À propos de la réforme des retraites, dont on ne sait pas grand-chose encore et contre laquelle on manifeste déjà, j’entends quelques uns évoquer la nécessité de prendre en compte l’espérance de vie dans les négociations ou les propositions pour en déterminer les paramètres ; soit en fixant individuellement l’âge, sans doute, atteint pour prétendre cesser son activité, soit imposer une durée limitée pour verser le montant de la pension à laquelle une carrière donnerait droit, ne distinguant pas d’autres solutions, car, disent-ils en schématisant, les cadres vivent plus vieux que les manuels. Je ne sais laquelle de ces deux propositions serait plus débile que l’autre.
Dans l’esprit de ces théoriciens rances, la mort est sans doute prédéterminée. Ce qui est relativement vrai, mais jamais à date escomptée. Car si, le hasard étant un grand farceur, un individu pas intellectuel du tout se mettait à vivre, grâce à sa génétique ou à son hygiène de vie, plus longtemps que prévu, lui supprimerait-on alors sa pension à la date précise à laquelle il eût dû quitter les listings de la caisse de retraite ? Et à l’inverse, si par maladie, stress ou autre cause par exemple accidentelle, un second individu en rien bricoleur venait à mourir avant l’heure prédite, continuerait-on à verser à ses héritiers la maigre pension à laquelle il n’aurait pu totalement prétendre le temps imparti ?
Au-delà de ces boutades, évoquer une espérance de vie pour inclure ou non telle ou telle clause restrictive ou bénéfique, s’apparenterait à une discrimination.
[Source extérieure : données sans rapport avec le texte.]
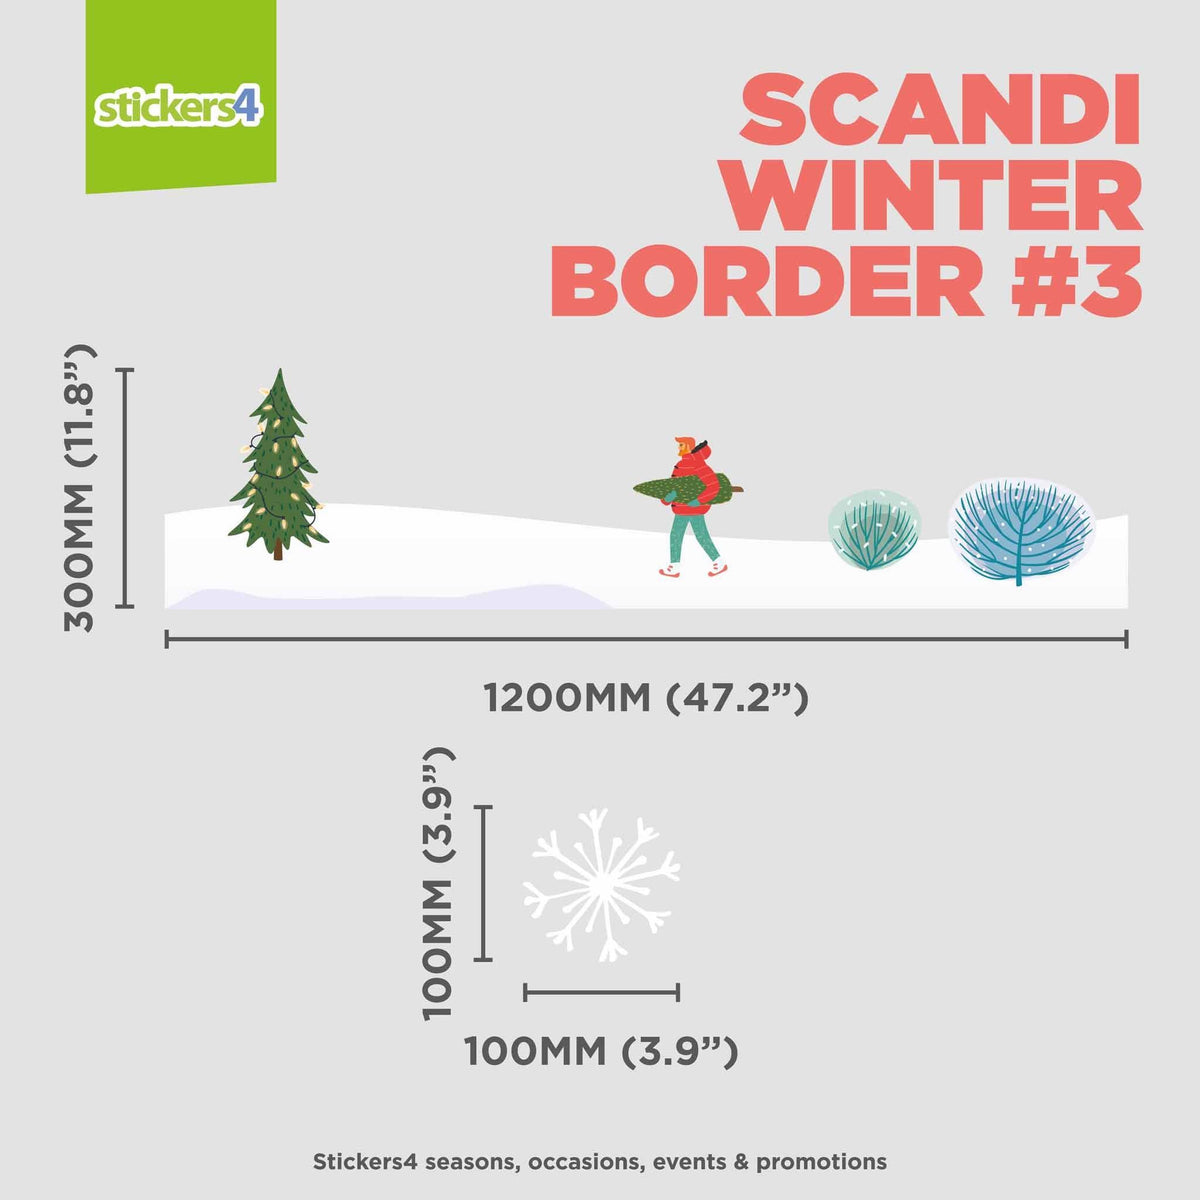 Scandi Winter Border #3 Window Sticker with 36 Snowflakes Christmas Window Display
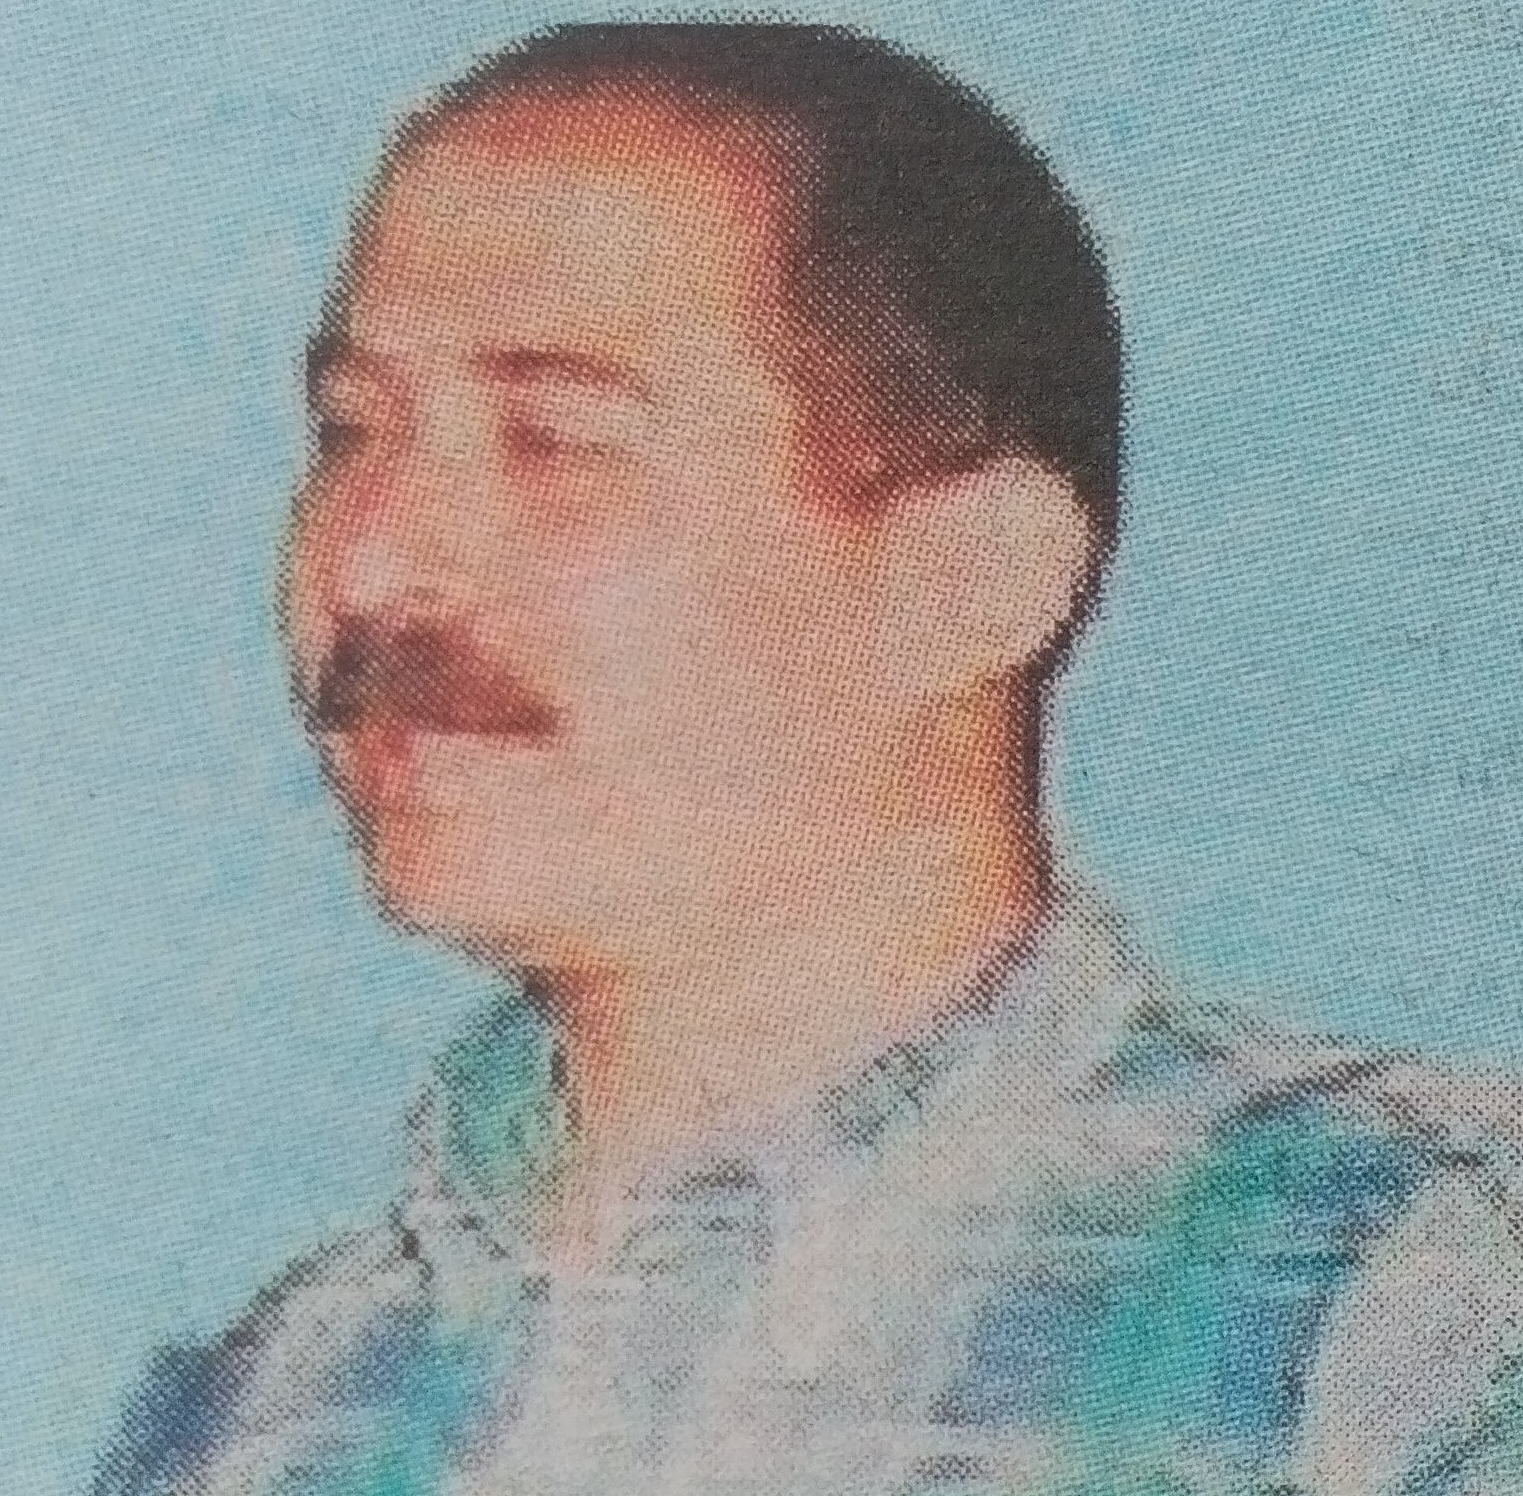 Obituary Image of George Shenouda Abanoub Kyrillos

Ce qui, convenons-en, est à l’opposée du but recherché dans l’établissement d’une retraite universelle par points qui se veut égalitaire (égalité toute relative là encore puisque dépendante des revenus).
Les régimes spéciaux ont été conçus en fonction de la pénibilité de certains métiers. Je pense bien sûr aux chauffeurs des locomotives à vapeur, ce qui n’a plus de raison d’être, qui ont obtenu leurs avantages soutenus qu’ils étaient par de puissantes organisations syndicales. En revanche, seul dans son coin, un peu anar, ou poète tel Thierry Metz aujourd’hui décédé, le vieux maçon usé par le temps et l’effort n’a jamais bénéficié, lui, d’un régime particulier. Même si de nos jours les bétonnières sont mécanisées, le métier reste pénible à la différence du chauffeur de train. Il y a là matière à discuter, évidemment. Mais certes non en termes médicaux ou funéraires. Ce qui reviendrait à créer une espèce de « professophobie », si l’on veut bien m’accorder ce néologisme, en un mot de racisme s’apparentant à celui que l’on constate en matière religieuse ou ethnique. Avec les dérives inévitables, comme celle qui fut mienne lorsque plus haut j’opposais le chauffeur de train au maçon. Les exaspérations, rancœurs, haines, plus prégnantes qu’aujourd’hui, ne manqueront pas alors de s’immiscer dans les esprits de ceux ne bénéficiant pas des avantages des autres. Est-on d’ailleurs certain de cette affirmation qui voudrait qu’un travailleur manuel vécût moins longtemps qu’un intellectuel ? Les statistiques le prouvent nous dit-on. Tout comme, statistiquement parlant, les femmes vivent plus longtemps que les hommes ; certainement la raison pour laquelle leurs émoluments sont inférieurs à ceux de leurs homologues masculins.
Dès lors il faut aller plus loin dans l’absurdité et créer tout un tas de discriminations en fonction de l’âge d’une mort prévue par les statistiques, du sexe, de la taille, de la couleur des yeux, de la voix, de l’apparence. Les tests ADN généralisés seront pour demain à inclure dans les CV d’embauche accompagnés d’un état détaillé de nos habitudes alimentaires, sportives, amoureuses, etc. etc. Orwell avait vu juste. Quant à Thomas More, son Utopia va devenir une galéjade.
Déterminez donc les retraites en fonction de l’ADN de chacun et n’en parlez plus. Ça évitera grèves et bouchons inutiles.